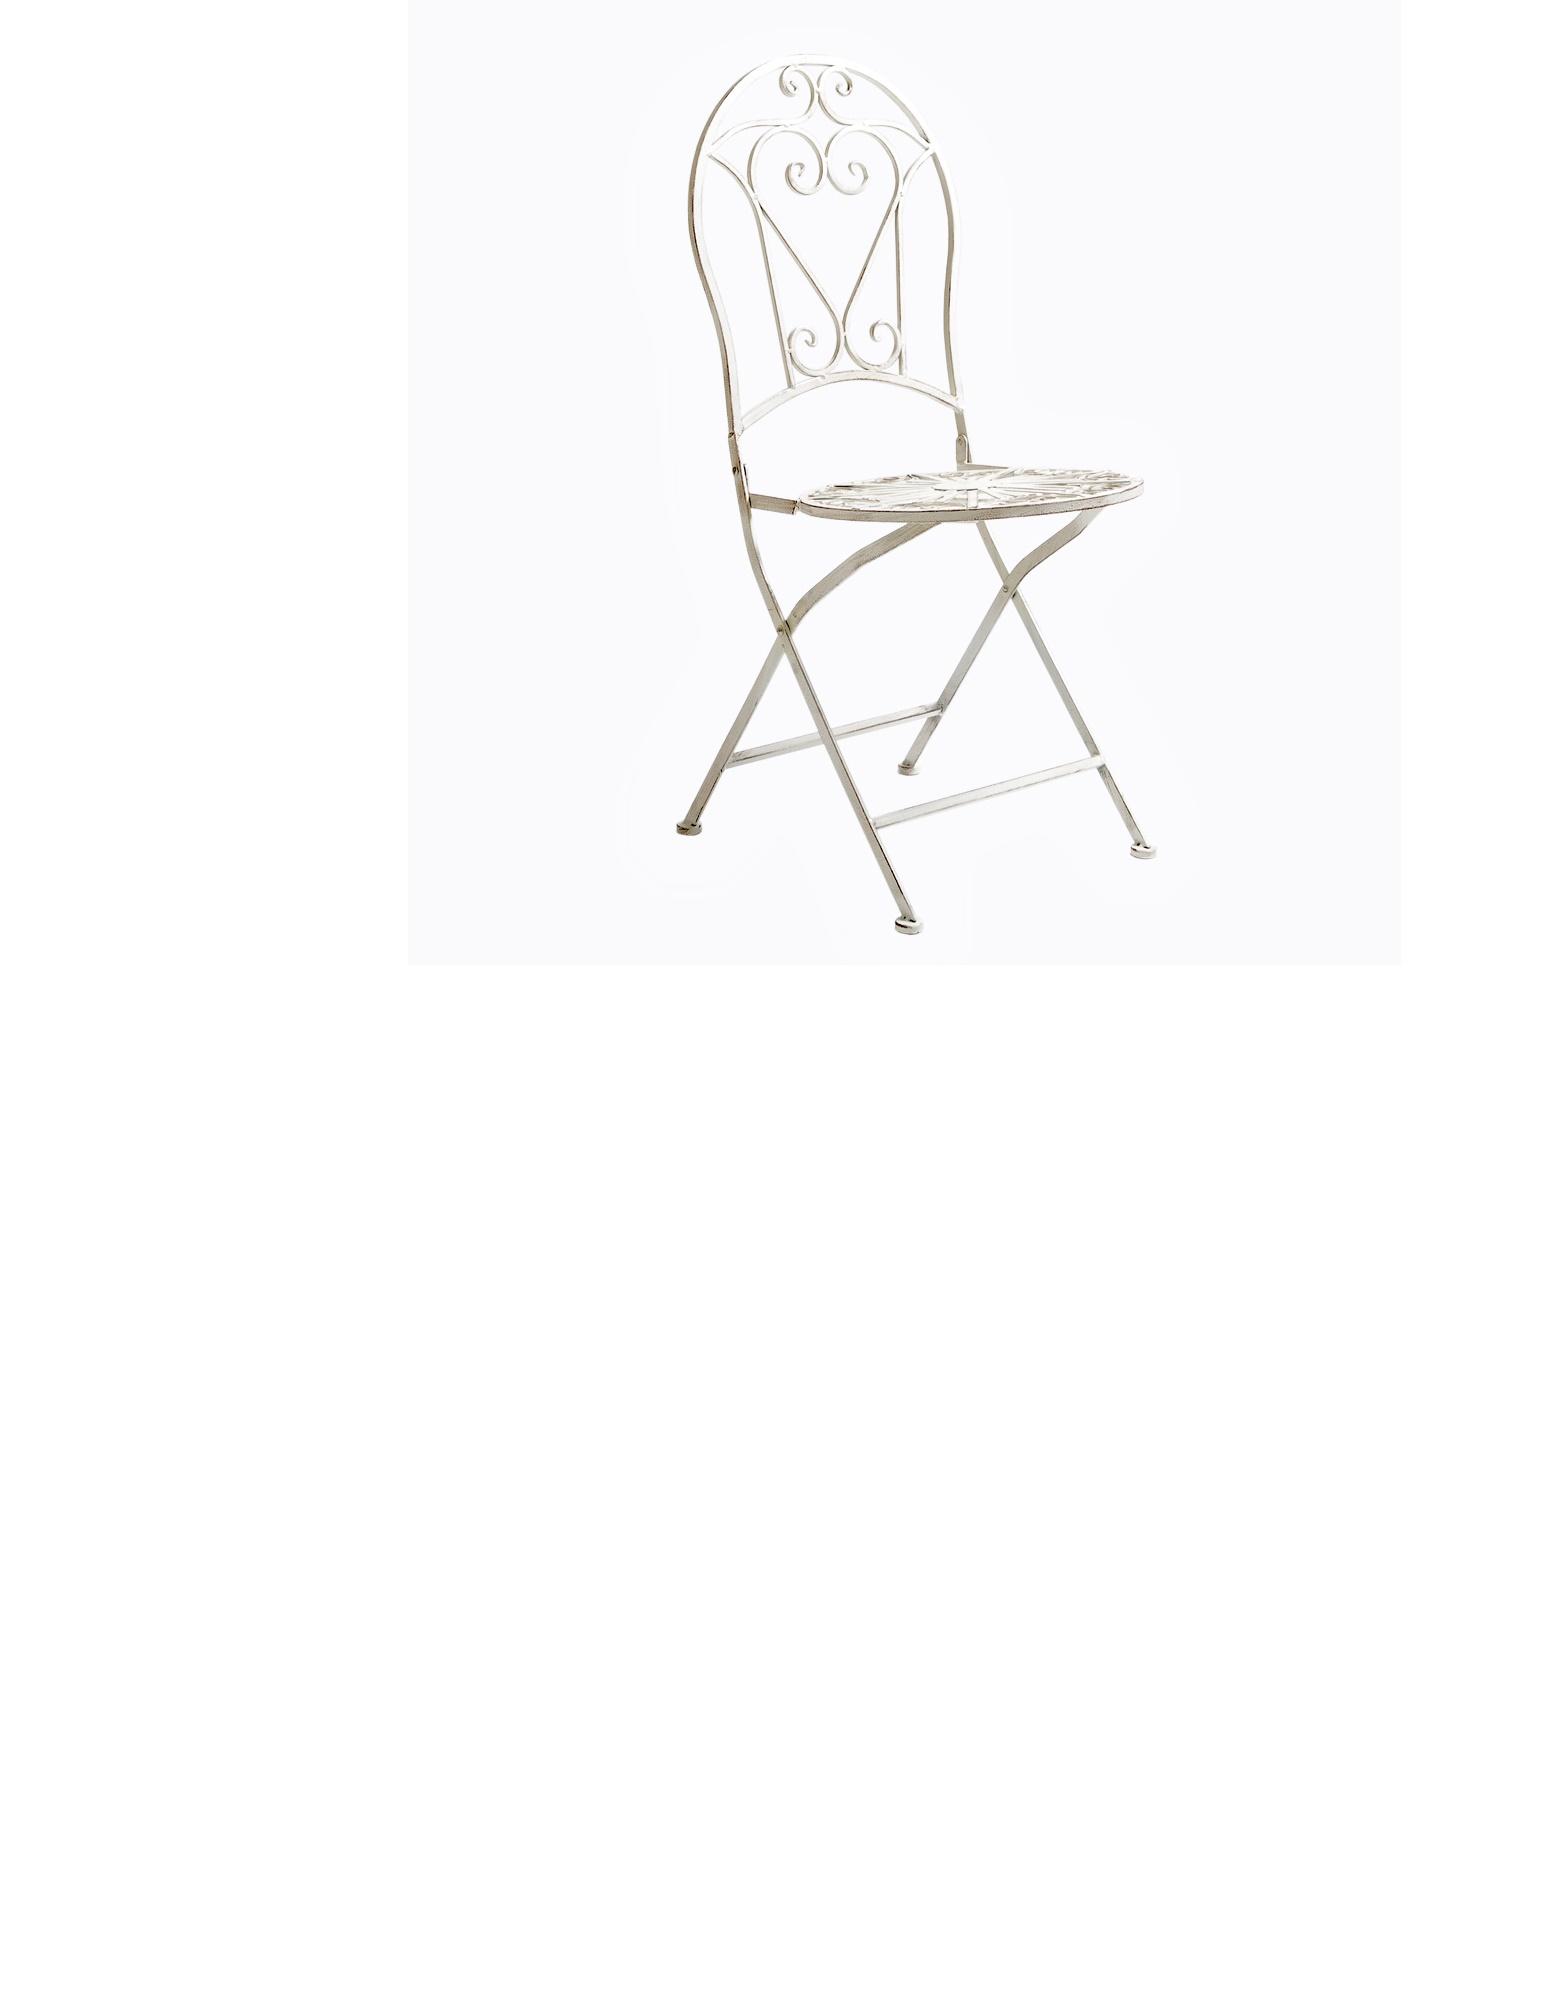 Складной круглый стул «Тюильри» (белый антик)Обеденные стулья<br>Романтичный рисунок из завитков на складных стульях «Тюильри» будет изысканным украшением и дополнением любого интерьера. В каждом изгибе металлических элементов&amp;amp;nbsp; чувствуется дыхание провинциальной Франции. Абсолютно универсальный белый цвет гармонично сочетается с любыми цветовыми оттенками, он многогранен, ему под силу сыграть как главную, так и вспомогательную роль. Мебель изготовлена из материала, устойчивого к переменам климата и воздействию ультрафиолетовых лучей, поэтому можно без опаски оставлять мебель под открытым небом, и даже под дождем. &amp;lt;br&amp;gt;Поставляется в сложенном виде.&amp;lt;br&amp;gt;&amp;amp;nbsp;Размер: 92?39?48 см&amp;lt;br&amp;gt;Вес 5 кг<br><br>Material: Железо<br>Width см: 39<br>Depth см: 48<br>Height см: 92
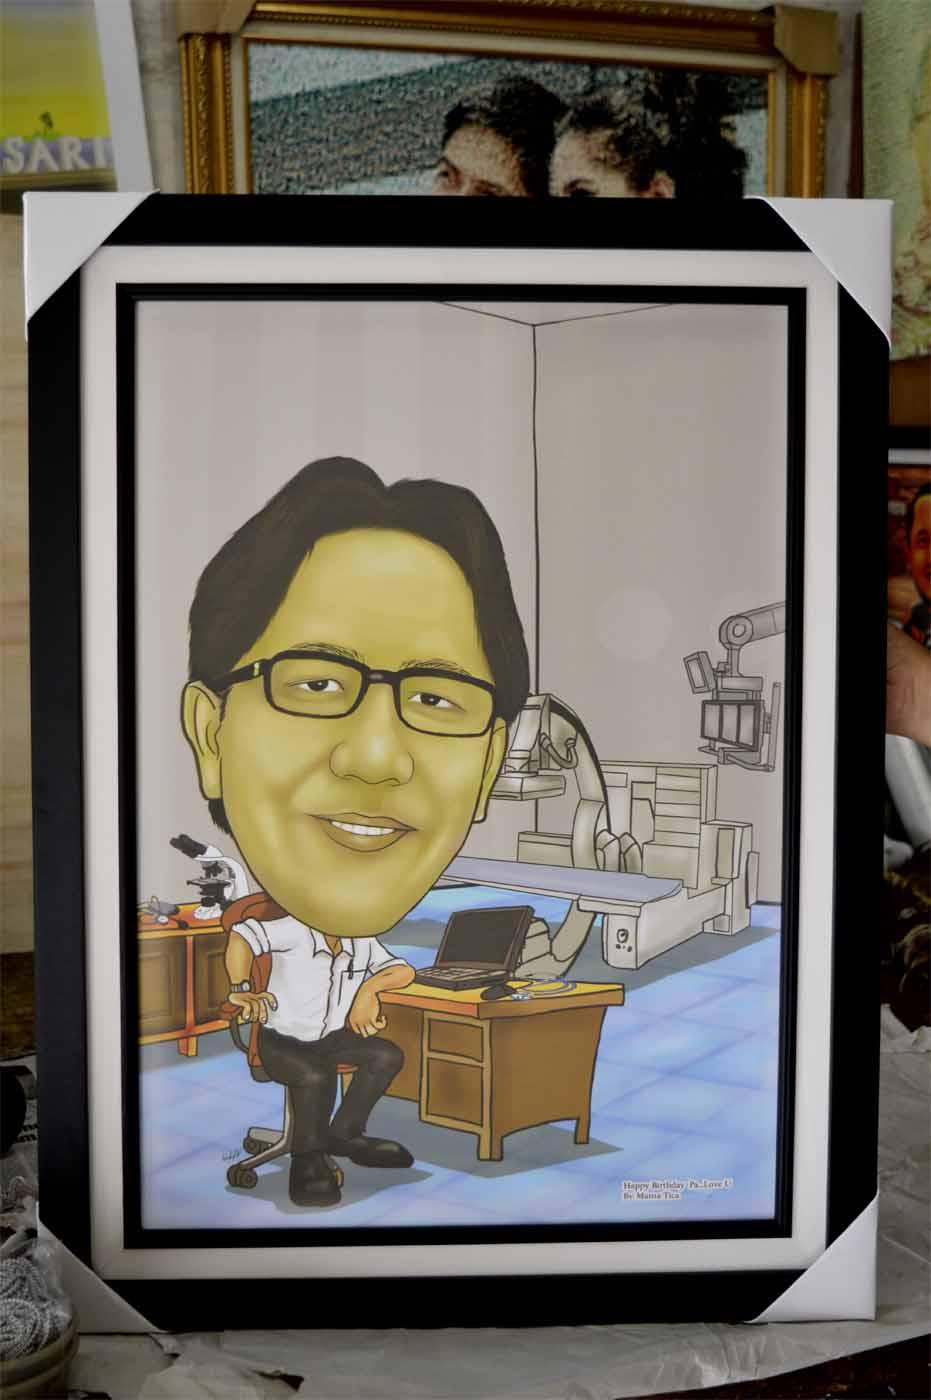 Jasa Karikatur Wajah Karikatur Digital Dan Manual Daftar Harga
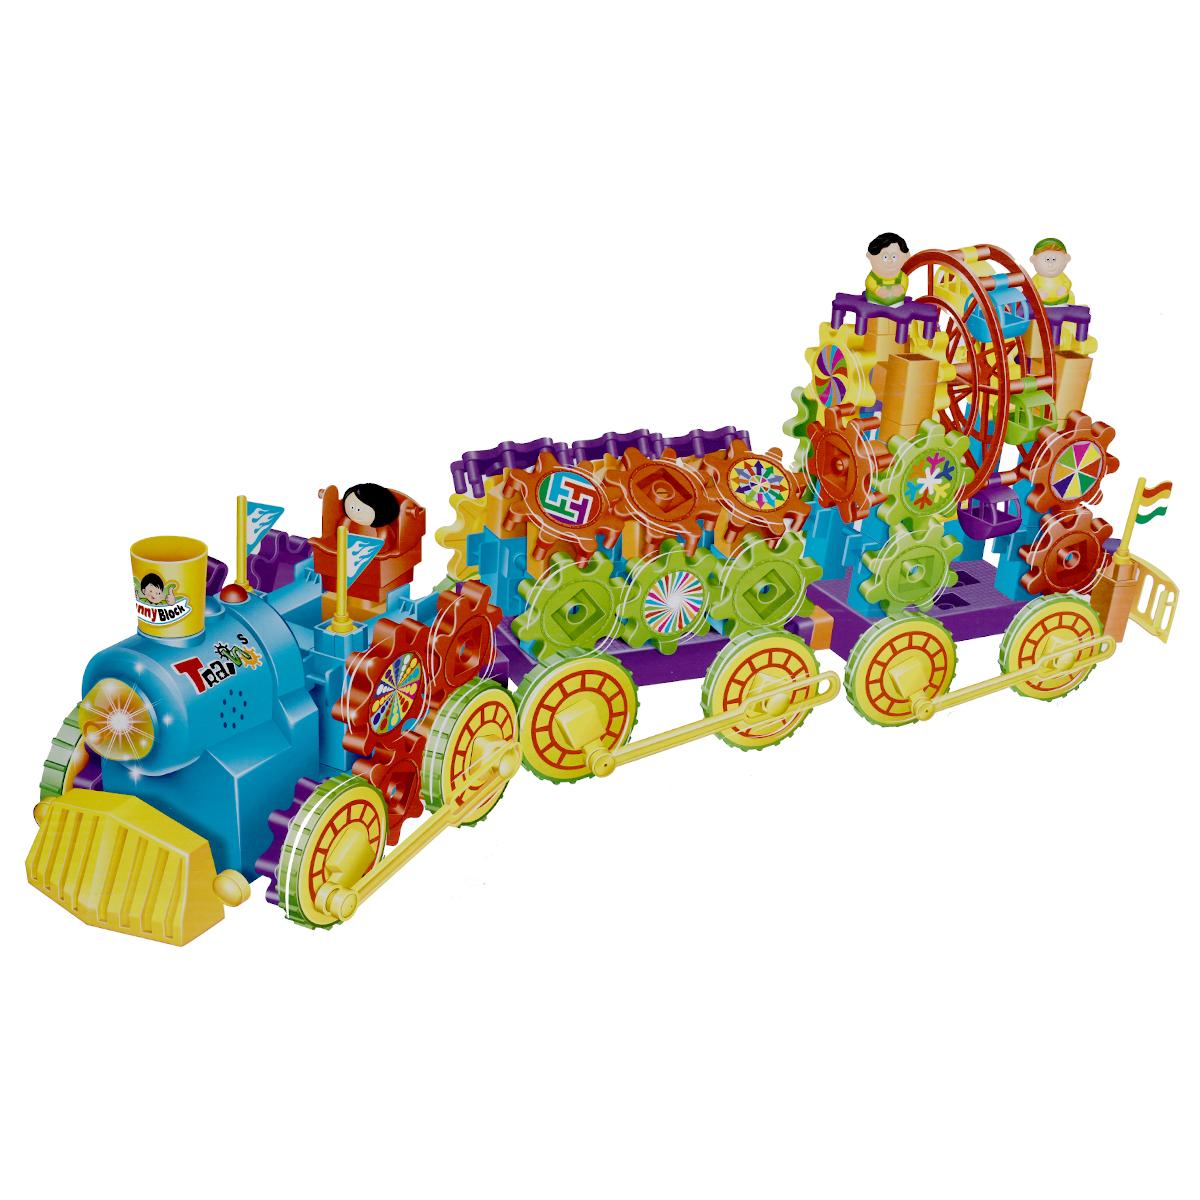 WSBD World Конструктор Музыкальный поезд из шестеренок9601Музыкальный поезд из шестеренок Kingdom Playright - отличный подарок ребенку. Кузов поезда и вагоны выполнены из конструктора в виде шестеренок, который позволит ребенку моделировать его по своему усмотрению и развивать творческие способности. Поезд при движении проигрывает музыку. В комплект входят поезд и инструкция с рисунками. Поезд работает от 3 батарей типа АА (не входят в комплект).
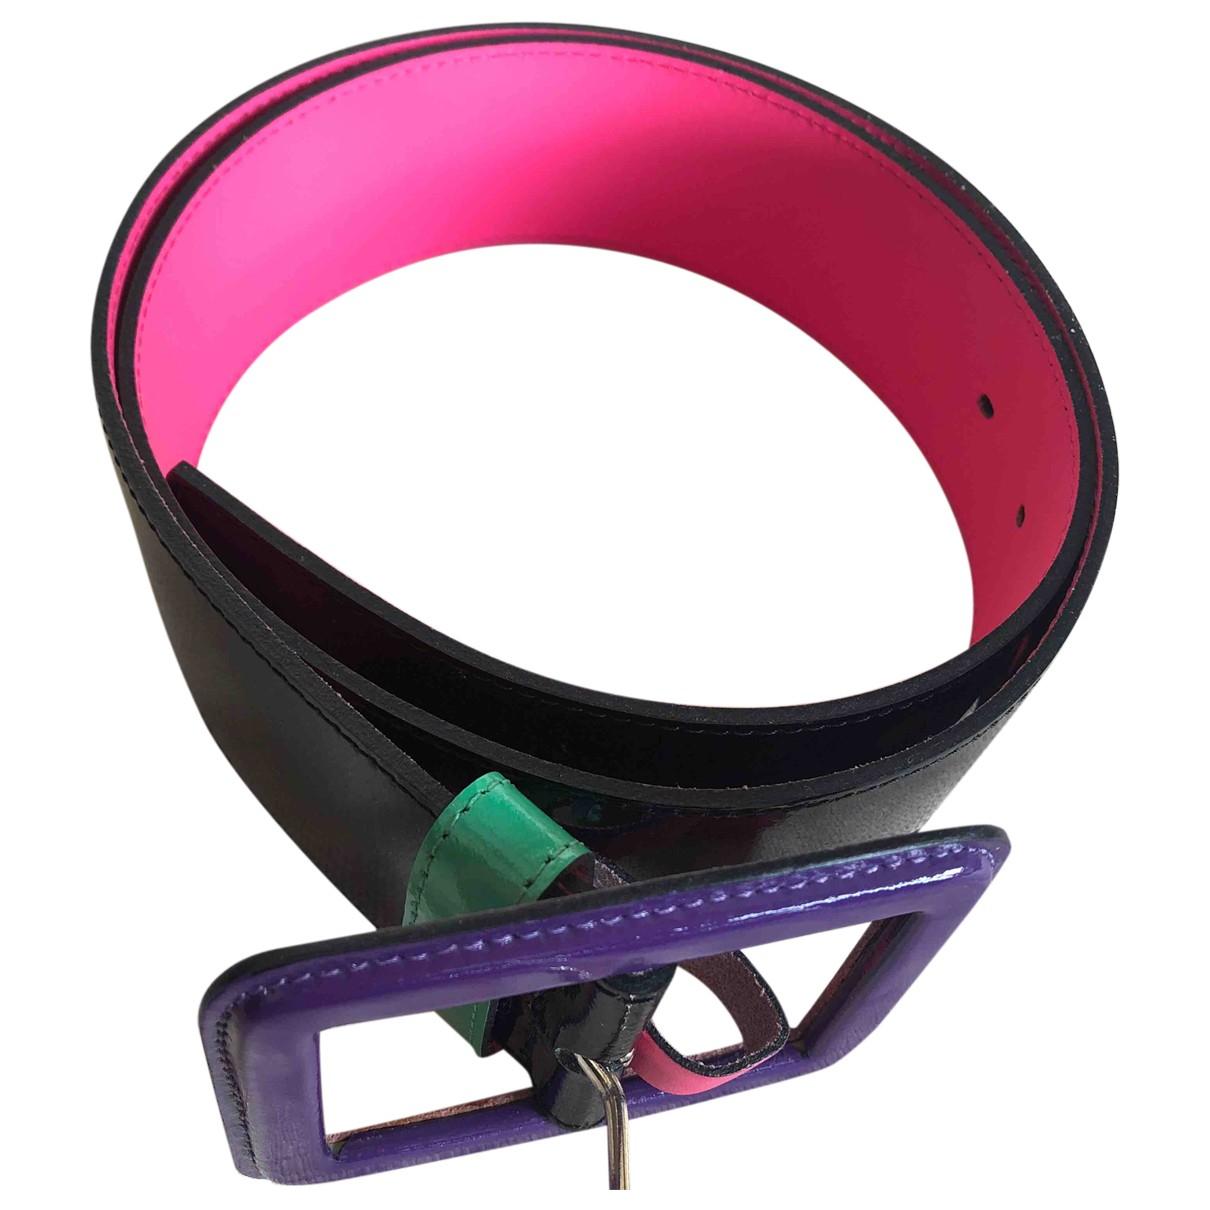 Cinturon de Cuero Sonia By Sonia Rykiel

:: Task prompt ::
Once the pictures are set aside, give the rest of the listing again exactly.

:: Completed exercise ::
 Складной круглый стул «Тюильри» (белый антик)Обеденные стулья<br>Романтичный рисунок из завитков на складных стульях «Тюильри» будет изысканным украшением и дополнением любого интерьера. В каждом изгибе металлических элементов&amp;amp;nbsp; чувствуется дыхание провинциальной Франции. Абсолютно универсальный белый цвет гармонично сочетается с любыми цветовыми оттенками, он многогранен, ему под силу сыграть как главную, так и вспомогательную роль. Мебель изготовлена из материала, устойчивого к переменам климата и воздействию ультрафиолетовых лучей, поэтому можно без опаски оставлять мебель под открытым небом, и даже под дождем. &amp;lt;br&amp;gt;Поставляется в сложенном виде.&amp;lt;br&amp;gt;&amp;amp;nbsp;Размер: 92?39?48 см&amp;lt;br&amp;gt;Вес 5 кг<br><br>Material: Железо<br>Width см: 39<br>Depth см: 48<br>Height см: 92
 Jasa Karikatur Wajah Karikatur Digital Dan Manual Daftar Harga
 WSBD World Конструктор Музыкальный поезд из шестеренок9601Музыкальный поезд из шестеренок Kingdom Playright - отличный подарок ребенку. Кузов поезда и вагоны выполнены из конструктора в виде шестеренок, который позволит ребенку моделировать его по своему усмотрению и развивать творческие способности. Поезд при движении проигрывает музыку. В комплект входят поезд и инструкция с рисунками. Поезд работает от 3 батарей типа АА (не входят в комплект).
 Cinturon de Cuero Sonia By Sonia Rykiel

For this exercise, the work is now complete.